Boscaiolo morto a Tione: è Paolo Valenti, papà di tre figli ed ex calciatore

Cordoglio da parte di tantissime squadre del calcio regionale per la tragica scomparsa del 36enne di Bondo

Paolo Valenti in campo, foto: ASD Comano Terme Fiavè

Lascia una moglie e tre figli, ed un grande vuoto nel mondo sportivo trentino, Paolo Valenti, 36enne di Bondo morto nei boschi di Zeller, sopra Tione, dopo essere precipitato per oltre dieci metri mentre stava lavorando al taglio del bosco.

Il terribile incidente è avvenuto poco dopo le 10 del mattino di lunedì 9 settembre. In seguito alla tragica notizia tante società calcistiche trentine hanno espresso il proprio cordoglio per la scomparsa del boscaiolo giudicariense.

La società sportiva: "Destino crudele, addio Paolo"

Valenti aveva infatti alle spalle una felice carriera nel calcio regionale e non solo.
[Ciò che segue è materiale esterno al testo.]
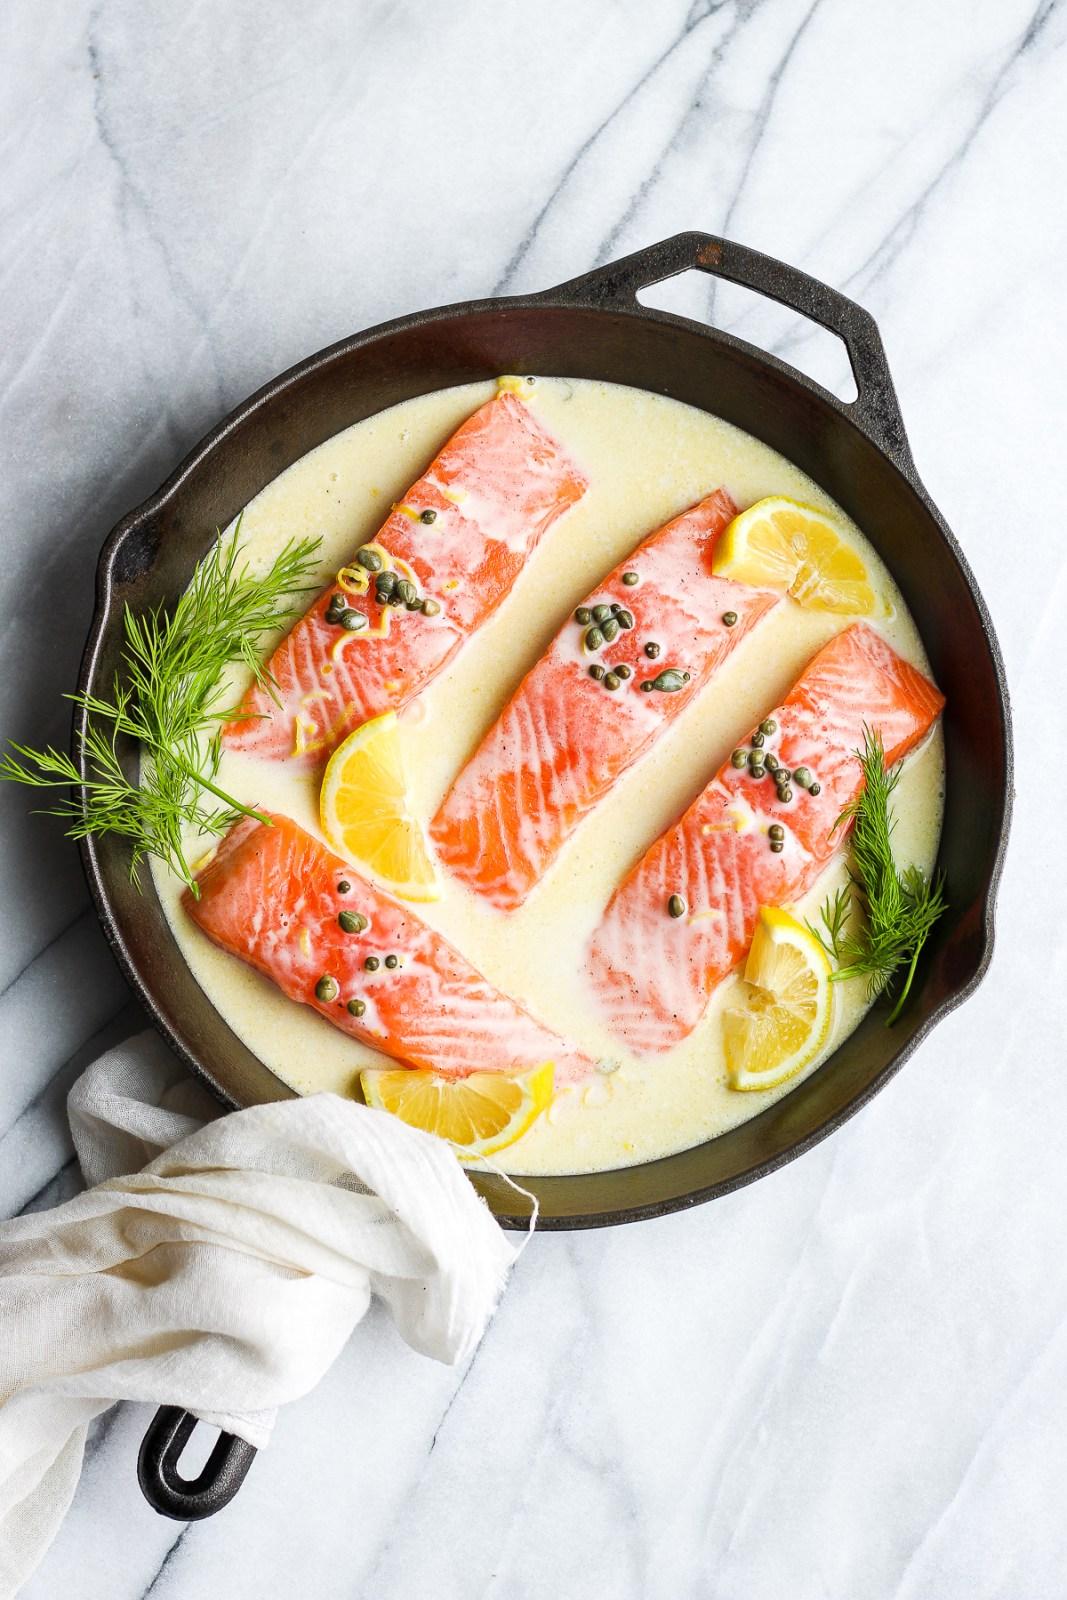 Creamy-Lemon-Caper-Salmon-Skillet-edited-1.jpg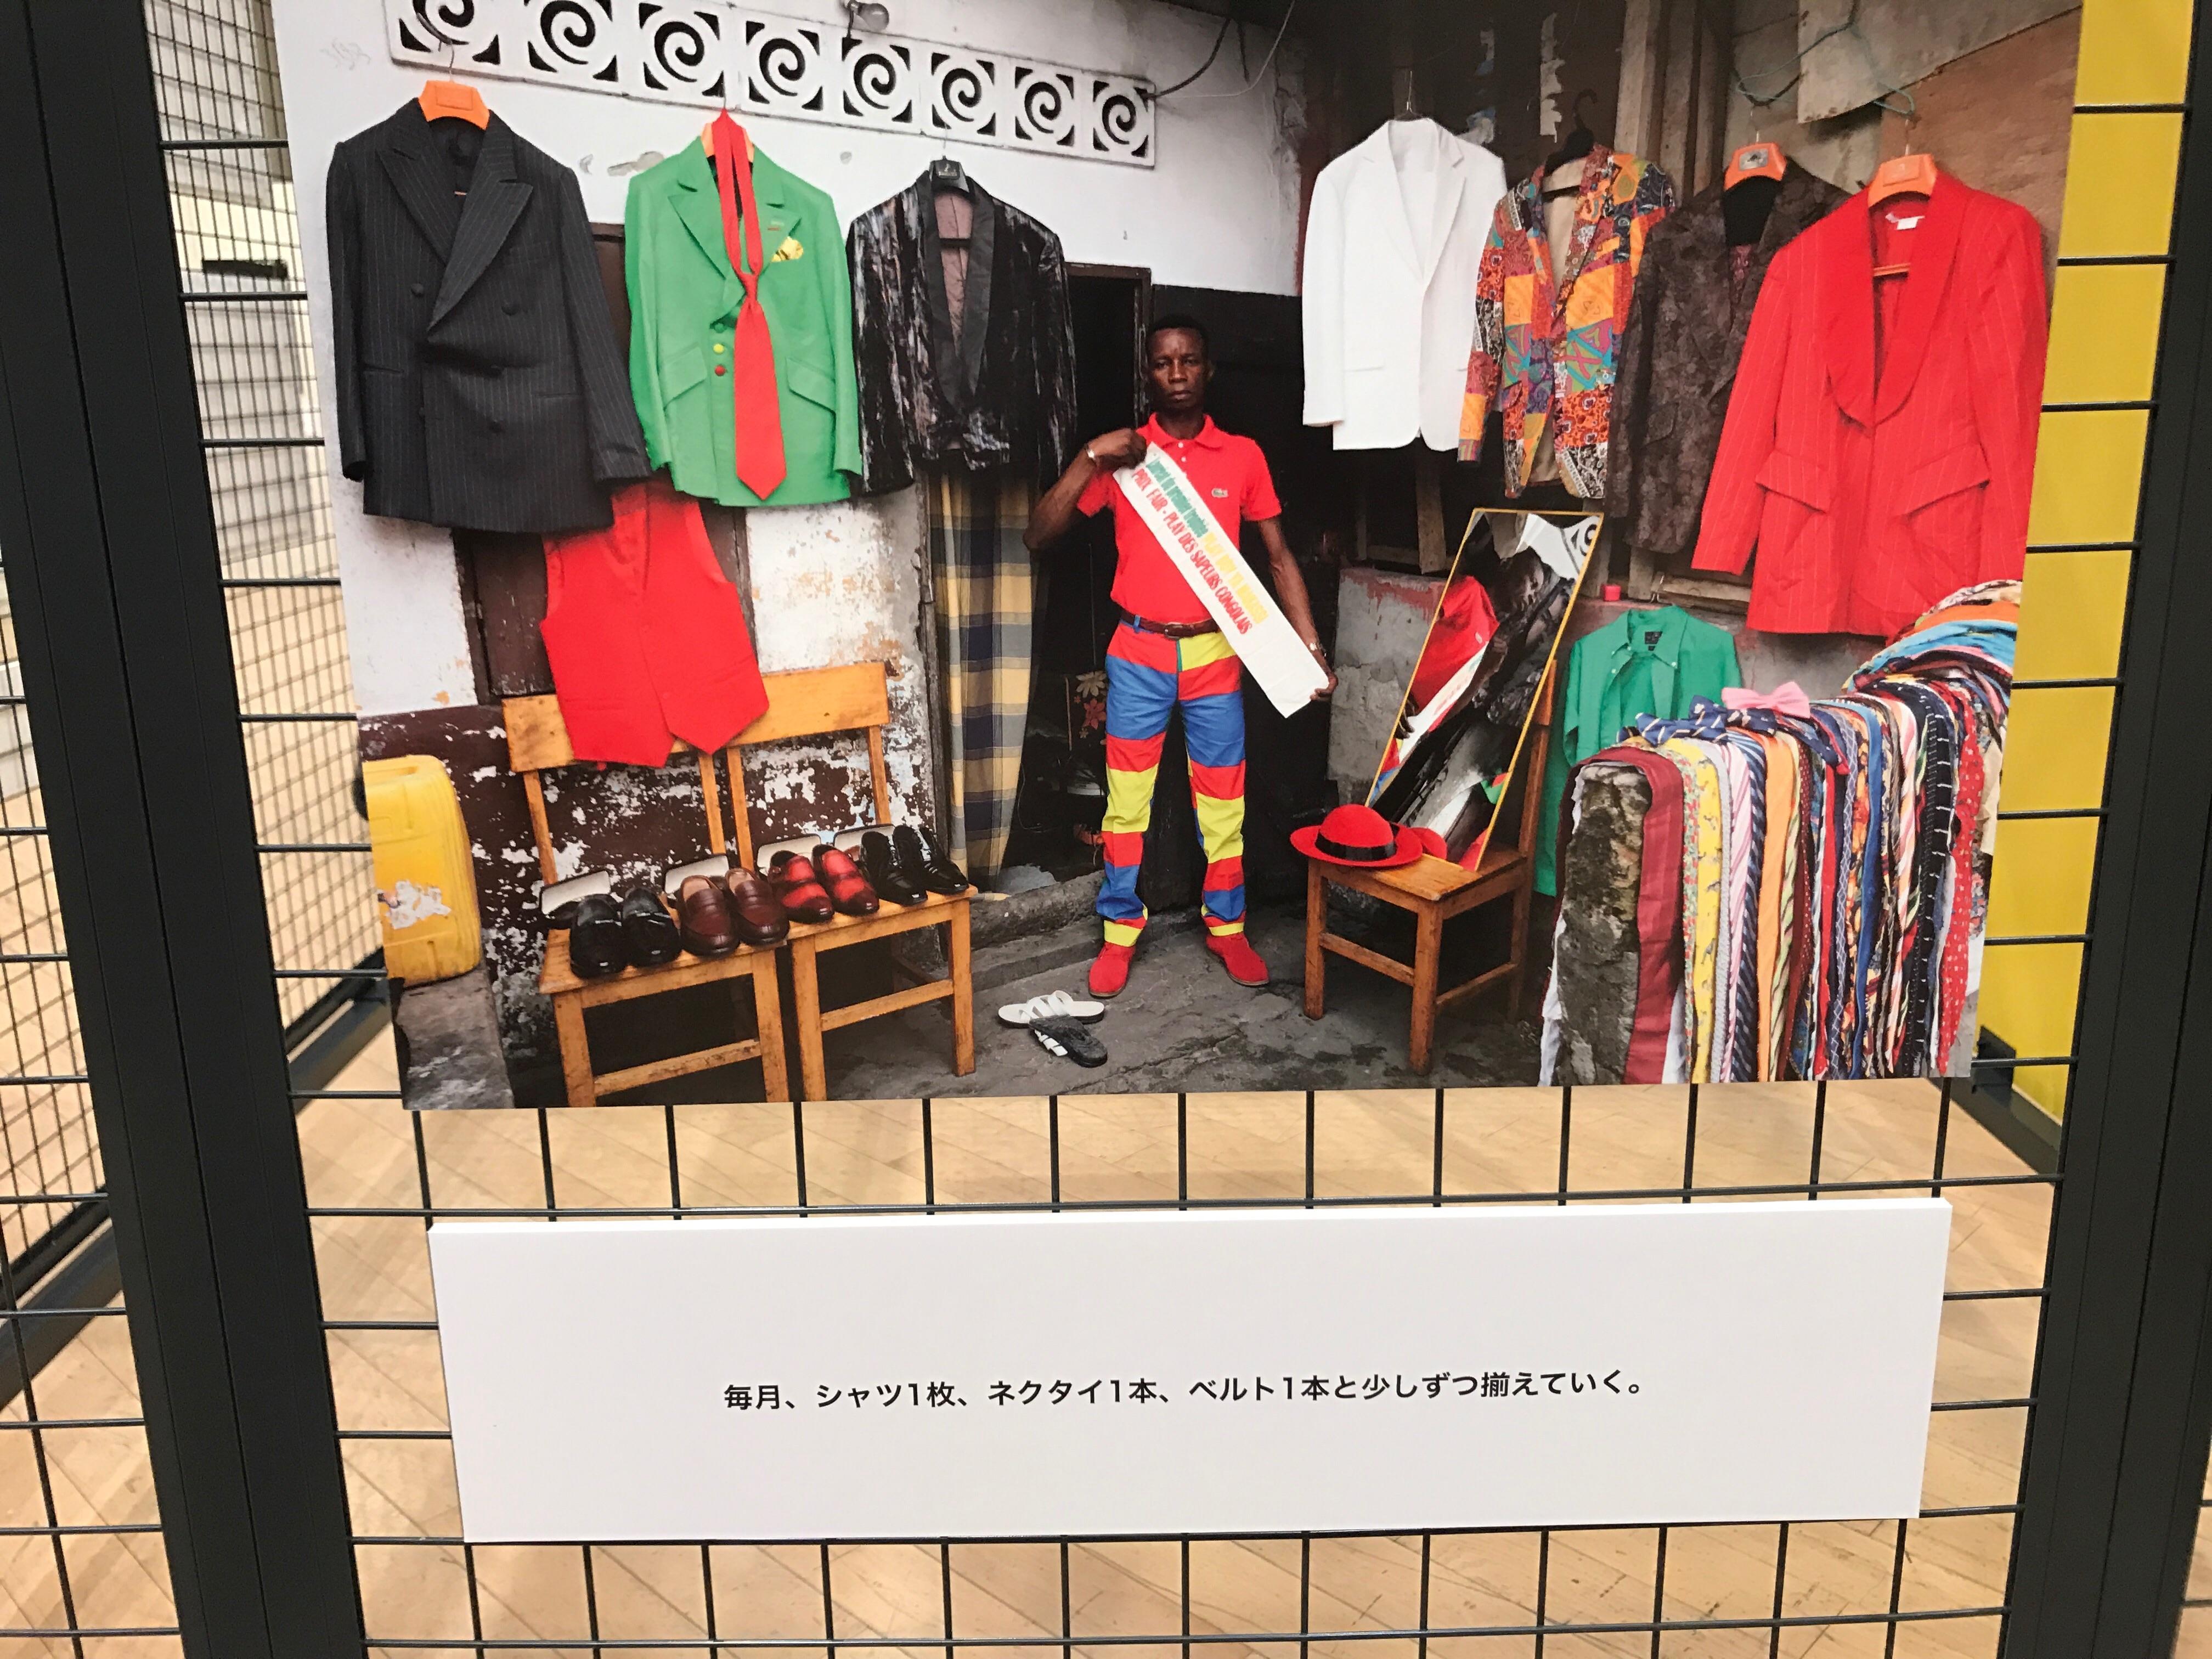 f:id:hironoriiyoshiiii:20170910215740j:image

Cresciuto nel vivaio del Brescia, con il quale aveva militato in C2 nella stagione 2002-2003, era passato in  serie D con Sant'Angelo Lodigiano quindi in Eccellenza con il Castiglione delle Stiviere.

Ancora in serie D con il Bolzano nel 2005-2006 per poi tornare alla squadra di casa, il Comano-Fiavè, per un intero decennio, fino al 2016. Ritiratosi dal campo non aveva abbandonato la sua passione, mettendosi a disposizione come allenatore e responsabile del settore giovanile.